He was an employee of the family business, on at least 100 pounds a week since 1990 as he recalls. All his income was documented with the accountant for tax purposes. He received his income via business cheques signed by his father the stubbs of which were all returned yearly to the accountant, together with other business related outlays.  To clarify there was no other employment whatsoever during all those years. and yes the accountant is the same one during all this time. There would be a tax record on all of his income with revenue. Is there anyone he could go to to get an independent opinion on the overall situation ? His accountants verbal reply to date is 'sure you will have a business to sell when you retire if you ever need money'. Not good enough, in my view.


----------



## NoRegretsCoyote (26 Apr 2021)

Susie2017 said:


> All his income was documented with the accountant for tax purposes.


Was this the business's accountant? His own accountant? Both?




Susie2017 said:


> He was an employee, on at least 100 pounds a week since 1990 as he recalls.



Well then his employer should have given him a P60 every year stating how much his pay was for PRSI purposes and what PRSI class he was paying.

If he ever got them, he should look back through his old P60s.


----------



## Shirazman (26 Apr 2021)

From what you've written it seems evident that there has been some uncertainty about your father's employment status over the years.   
Initially, you referred to him as "self-employed", but have gone on to say that he was "working for the family business" and you later mention that he was "employed there".     All of these things have different meanings when it comes to PRSI Classes, so you/he need to establish his exact employment situation for each of the years.    It's fair to assume that from his perspective he wouldn't have been aware of the significance of that which is why his professional adviser must be asked to clarify the situation, year by year. 

So instead of asking who else can help, you first need to tackle the source of the information that was filed with the Revenue Commissioners and Social Welfare over the past 34 years - and that's the accountant.    I appreciate that this may require a difficult conversation - or a solicitor's letter! - but it must be done.    Because until that has been clarified, you're not even at the start line so cannot take any steps towards addressing the situation.


----------



## Susie2017 (26 Apr 2021)

Apologies.
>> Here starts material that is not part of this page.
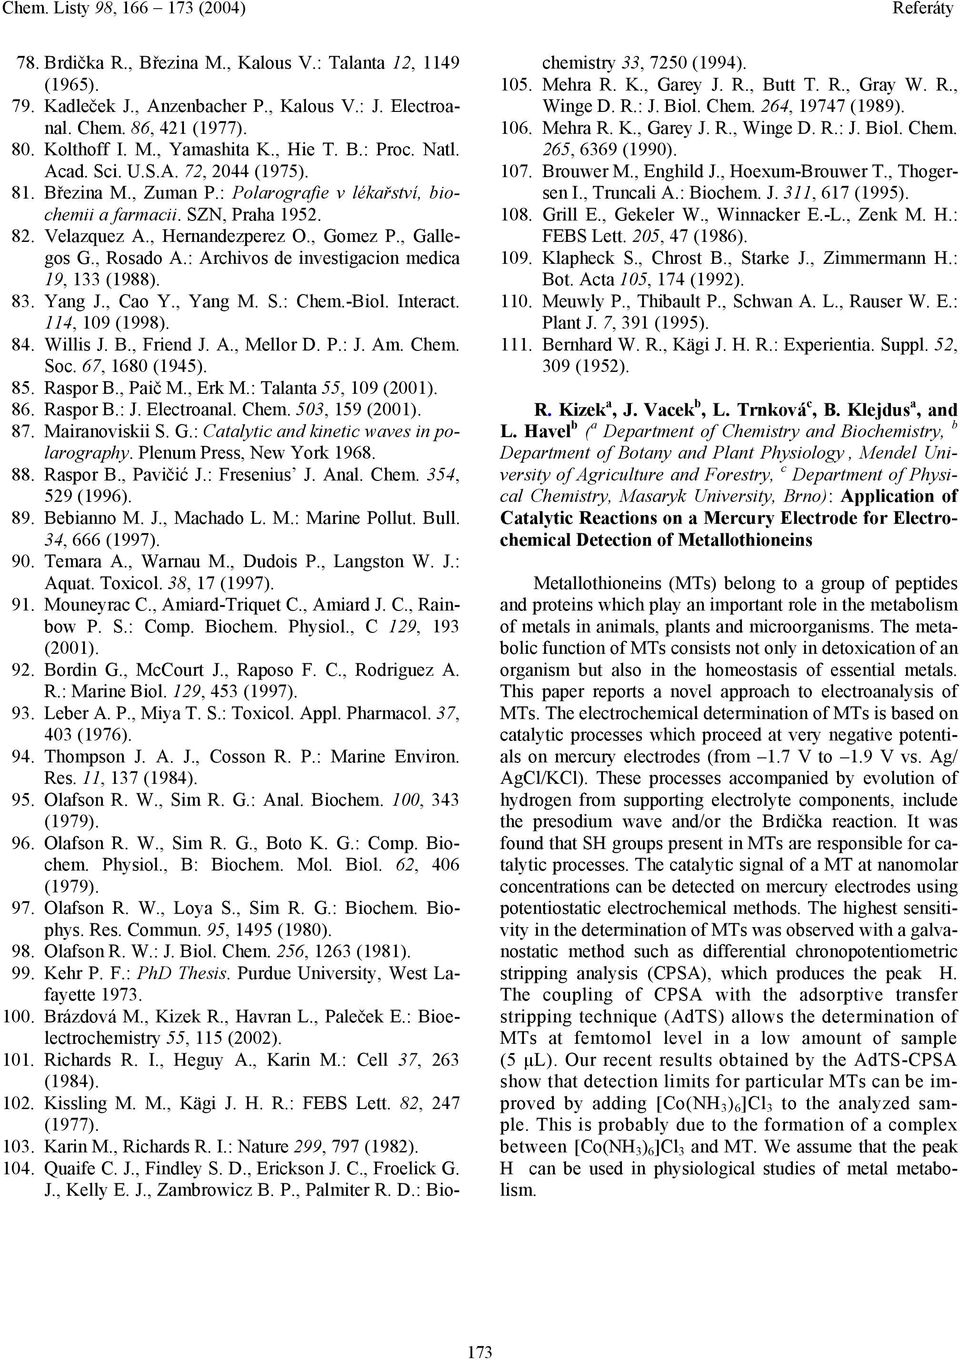 , Hernandezperez O., Gomez P., Gallegos G., Rosado A.: Archivos de investigacion medica 19, 133 (1988). 83. Yang J., Cao Y., Yang M. S.: Chem.-Biol. Interact. 114, 109 (1998). 84. Willis J. B.

Initially he was employed by his father, who subsequently became ill and then he took over the running of the business and so is now deemed self employed. As I stated at no stage did he work other than for the family business.  The family accountant has been asked to provide the rationale for the PRSI payments. He has obtained advice today from a friend ( another accountant ) and he has told him to make an appointment to discuss the issue at his local social welfare office to back remedy the contributions, ie request to change them to A on the basis that the family accountant was incorrect. This will mean back calculating the payments for 18 years (1987-2005, excluding 2003, which was paid as A). His friend indicates that the rate paid should have been A. Depending on his income this could be costly but the figure won’t be clear until the income is examined.


----------



## bstop (26 Apr 2021)

If a family member is employed as an employee by a 'prescribed relative' and the family employment relates to a private dwelling house or a farm in or on which both they and the employer reside then that family member has a nil liabllity for PRSI.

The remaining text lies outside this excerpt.